Attraverso un’analisi cluster, che permette di aggregare le diverse province italiane sulla base di similitudini e differenze per le diverse variabili utilizzate, si ottiene una mappa delle disuguaglianze socioeconomiche: il risultato è un’Italia suddivisa in cinque tipologie territoriali (Figura 1).

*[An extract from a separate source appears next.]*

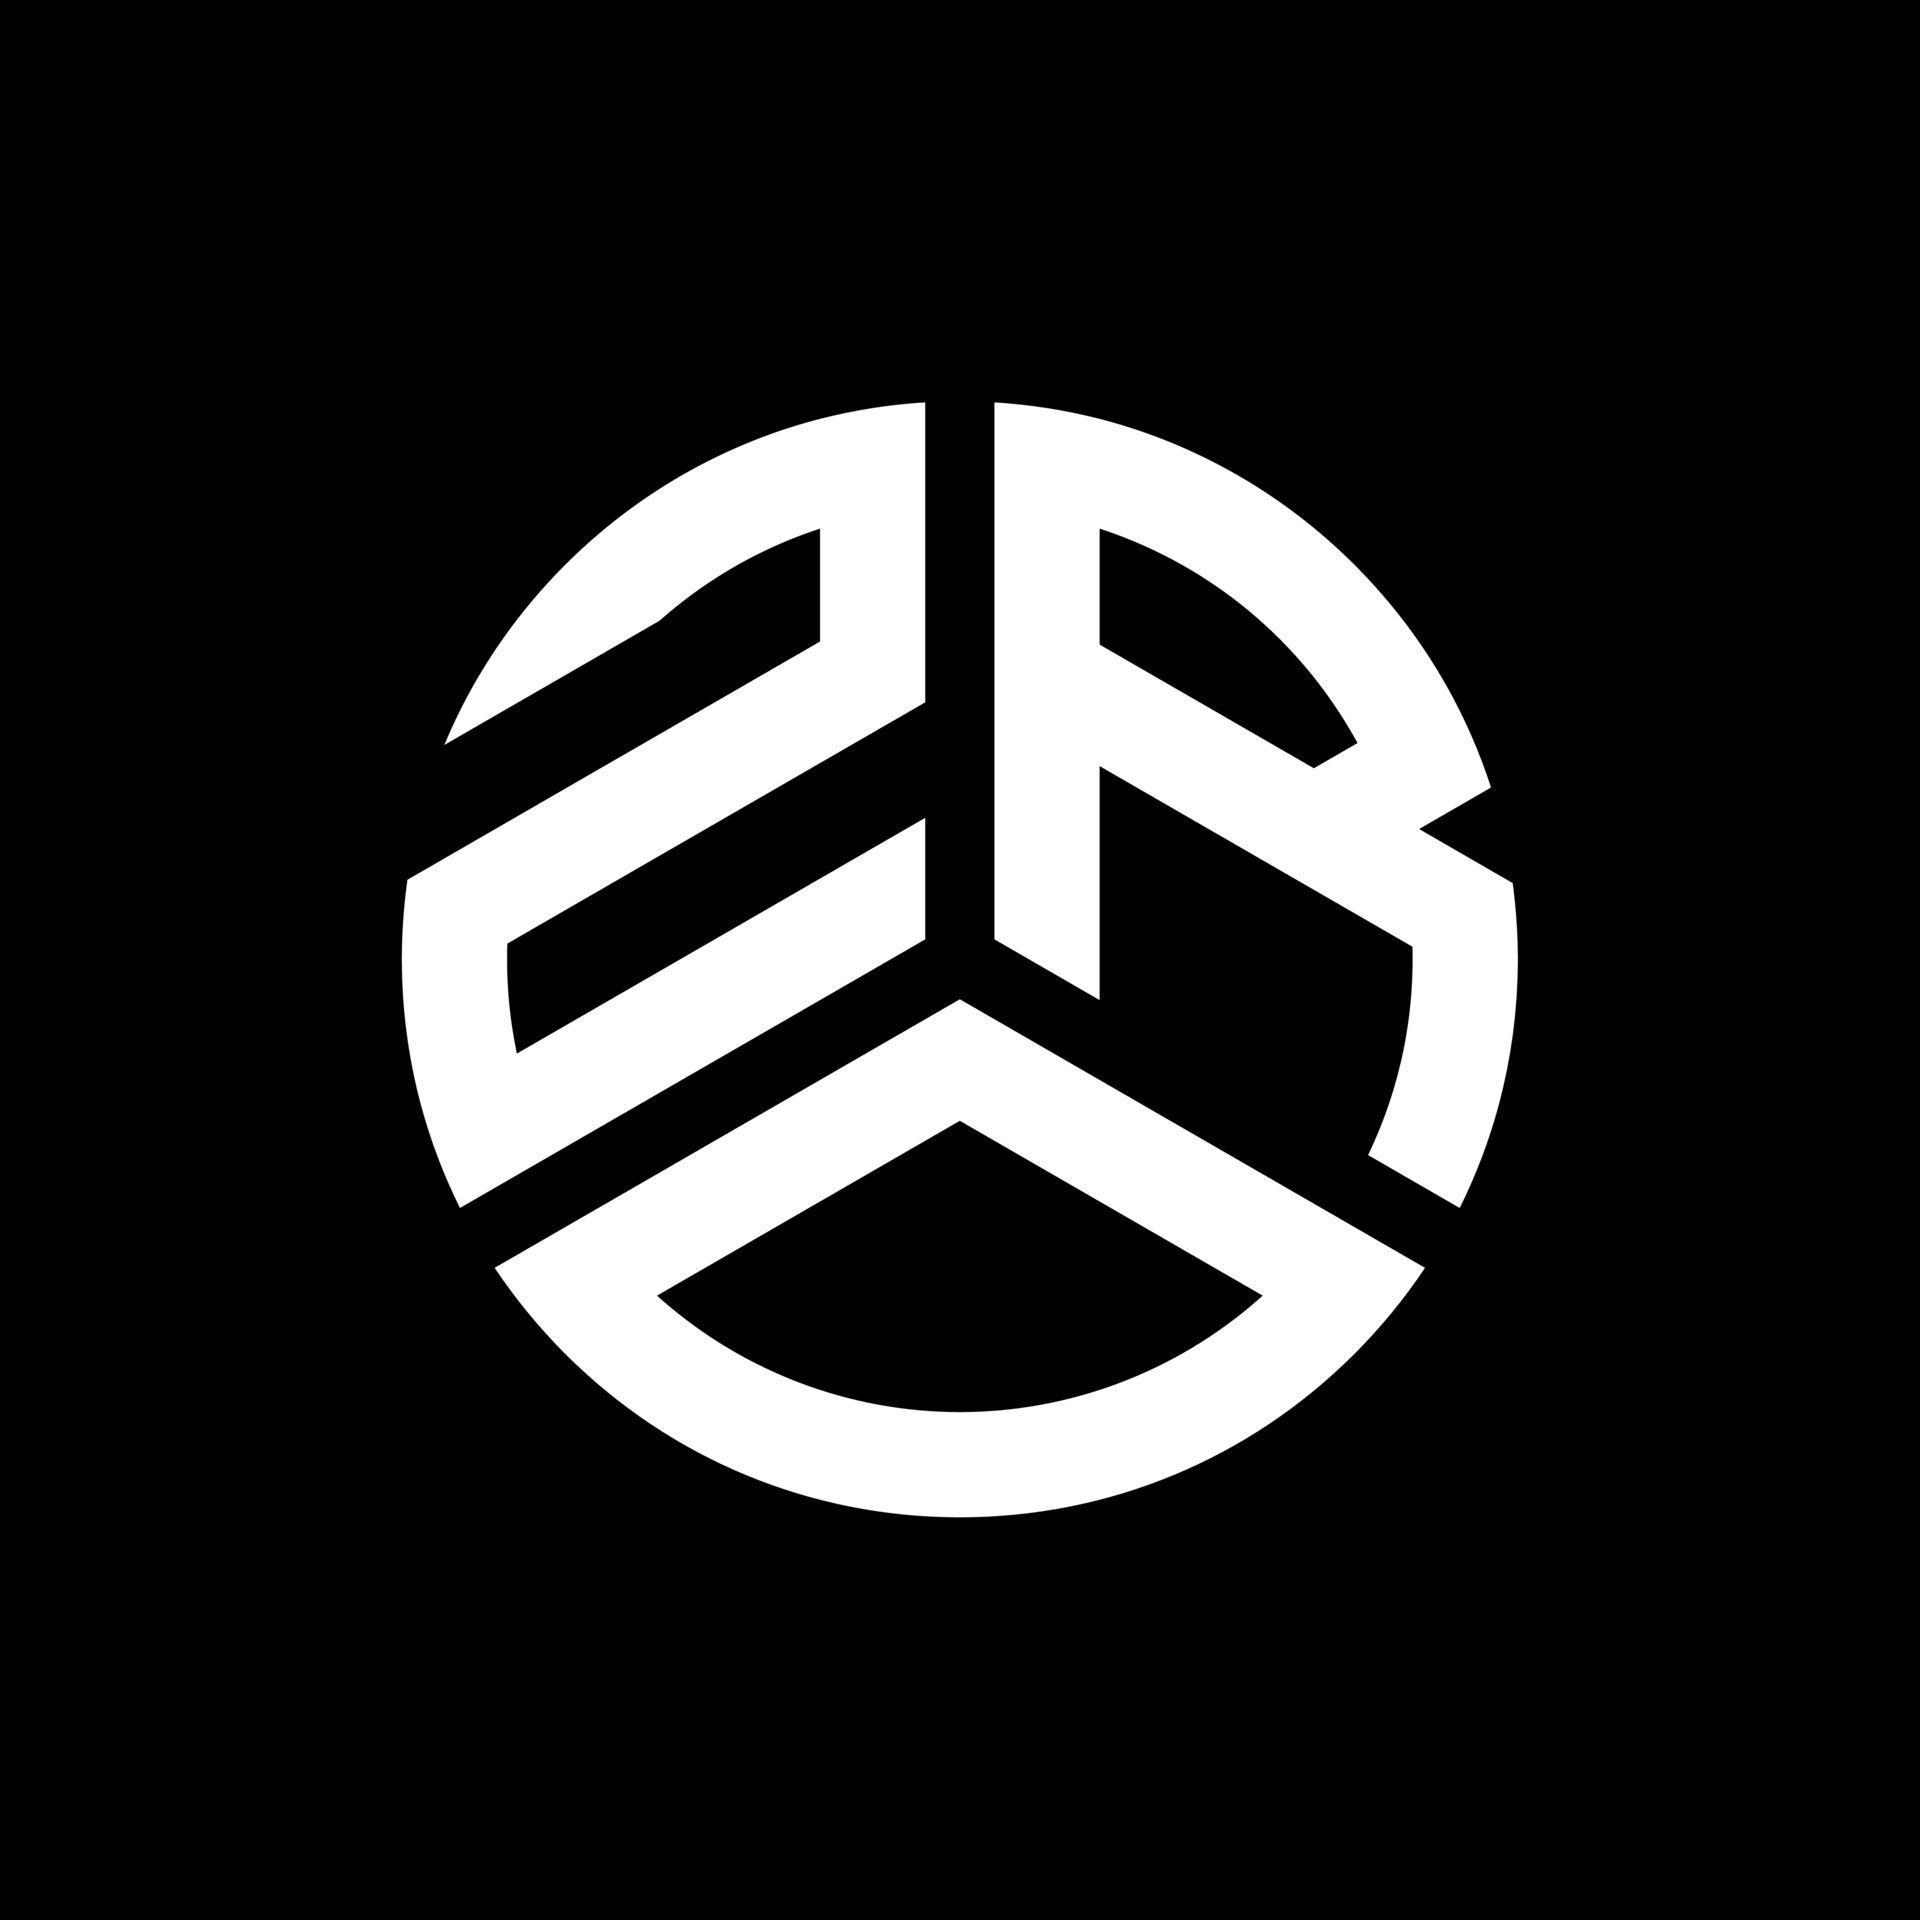 zro brief logo ontwerp op zwarte achtergrond. zro creatieve initialen brief logo concept. zro brief ontwerp. vector

Le province incluse nel primo cluster (Rooted innovation with risks of social exclusion) sono quelle con le migliori condizioni socioeconomiche (le aree metropolitane del Centro-Nord e quelle che includono poli industriali e innovativi di antica tradizione), ma con un elevato rischio esclusione per chi percepisce redditi bassi. Un saldo migratorio nettamente positivo suggerisce che le province incluse in questo cluster sono attrattive per le persone residenti in altri territori. Il secondo cluster (Strategic industrial location) include province del Nord a forte vocazione industriale e manufatturiera, ma con una qualità della vita, in particolare per quanto riguarda gli aspetti inerenti alla cultura, non particolarmente alta (il numero di librerie è il più basso tra tutti i cluster ed il patrimonio museale e l’offerta culturale sono al di sotto della media nazionale) e con una presenza di fattori di esclusione sociale. Il terzo cluster (Balanced living), che include le province di Liguria, Umbria, Marche, alcune province della Romagna, del Piemonte e della Toscana, nonché Aosta, Pescara e Cagliari, si caratterizza per valori vicini alla media nazionale per i principali indicatori economici e del mercato del lavoro, e superiori a quelli degli altri cluster per diversi indicatori che misurano la qualità della vita ed il capitale civico. Il quarto cluster (Struggling intersections) comprende per lo più province del Centro-Sud che potenzialmente rappresentano un “ponte” tra panorami socioeconomici diversi. Complessivamente, le opportunità economiche per le province di questo cluster sono limitate e sembra esserci il bisogno di iniziative per stimolare le opportunità lavorative, l’istruzione e la fruizione del ricco patrimonio storico e culturale presente in questi territori. L’ultimo cluster (Structural challeng) include le province di Caserta, Napoli, Salerno, Barletta-Andria-Trani, Foggia, Taranto, le province calabresi eccetto Catanzaro, quelle siciliane all’infuori di Ragusa, e la provincia del Sud Sardegna. Si tratta di territori che presentano ritardi strutturali forti e persistenti che ne ostacolano la crescita economica. Queste province potrebbero ricevere beneficio da investimenti mirati dedicati al rafforzamento del sistema dell’istruzione, alla creazione di posti di lavoro ed allo sviluppo culturale.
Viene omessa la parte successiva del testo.